Ultraviolet (UV) Exposure

The mask is the same size and scale as the printed wafer pattern, i.e. the reproduction ratio is 1:1.

Conventional Photoresis

Photoresists (PR) generally consist of 3 parts:

1. Resin:
   • Solid-type compound, providing mechanical properties.
2. Solvent:
   • Liquid-type chemicals for keeping the resin to a solution state.
3. Photoactive Compound (PAC):
   • A photoactive compound to inhibit (negative PR) or promote (positive PR) the dissolution of the resin in the developer. Most positive resists are based on Diazoquinones (DQ).

Contrast Ration

To characterize the PR’s ability to distinguish the light or dark, $$ \gamma = \frac{1}{\log(E_f) - log(E_i)} = \frac{1}{\log\left(\frac{E_f}{E_i}\right)} $$

where, $\gamma$ is the slope and $E = I \cdot t$. Typically, $\gamma$ is between 2 and 4.

Resist Polarity

• Positive Resist:

  • Light weakens resist, creates holes (dissolve PR without exposure).

• Negative Resist:

  • Light toughens resist, creates etch resistant masks.
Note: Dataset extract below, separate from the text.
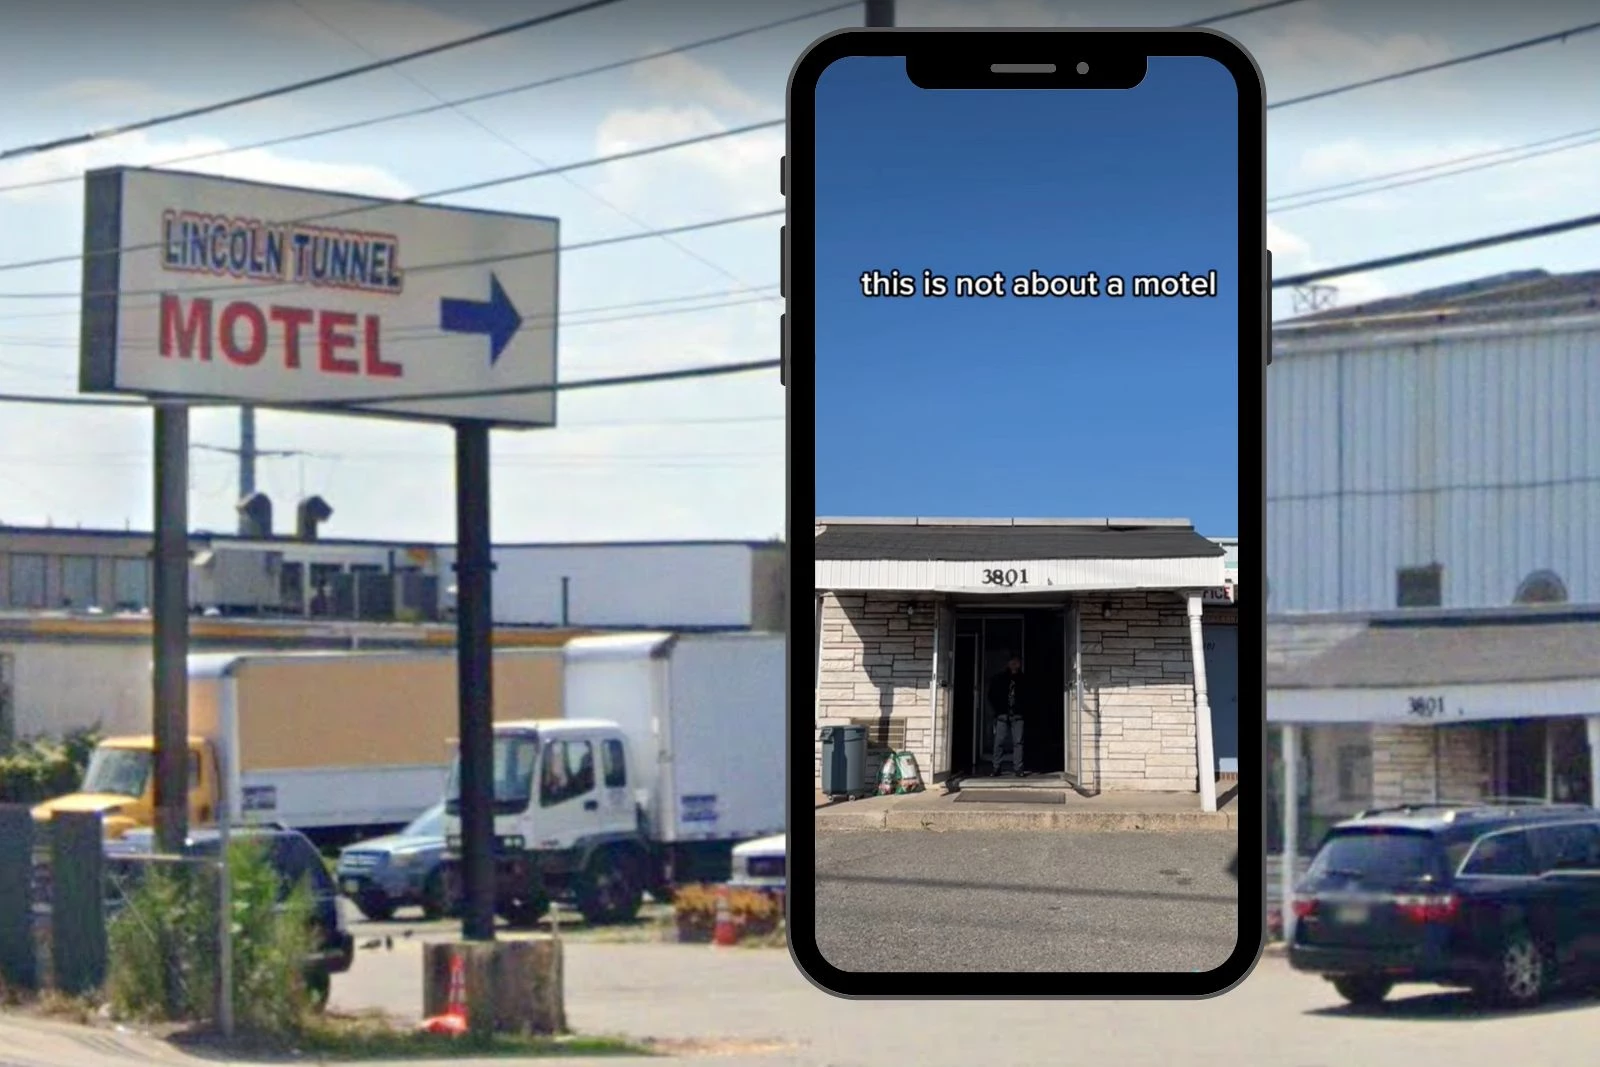 Police field 'thousands' of calls from TikTok famous NJ motel

  Figure 1: Overview of Photolithography Process.

Photolithography Process

• Substrate Cleaning (eg. RCA process).
  • To promote adhesion, reproducibility, etc.
• Spin Coating on Wafer
  • Adhesion promoting film (HMDS) for wafer priming (sometimes optional).
  • Photoresist coating.
• Soft Bake
  • Drive off excess solvent to set resist (and improve adhesion).
• Exposure
• Post Exposure Bake
  • Sometimes needed to redistribute photo-generated chemicals.
• Development
  • Use a chosen solvent as the ‘developer’ to remove:
    • UV-exposed regions for positive photoresist.
    • Unexposed regions for negative photoresist.
• Clean, Dry and Hard Bake
  • Remove residue and toughen resist (optional).

Substrate Cleaning

It is very important to clean the substrate before any processing. Contamination can destroy the device. A single defect in a circuit or MEMS structure can cause the whole chip to fail. It will also lead to lower yield of chips with sufficient quality, and therefore higher costs per chip. The equipment might be contaminated and removed from the production line, costing even more money.

Types of Contamination

• Particles:
  • Inorganic dust (metallic, silicon, glass, quartz, etc.).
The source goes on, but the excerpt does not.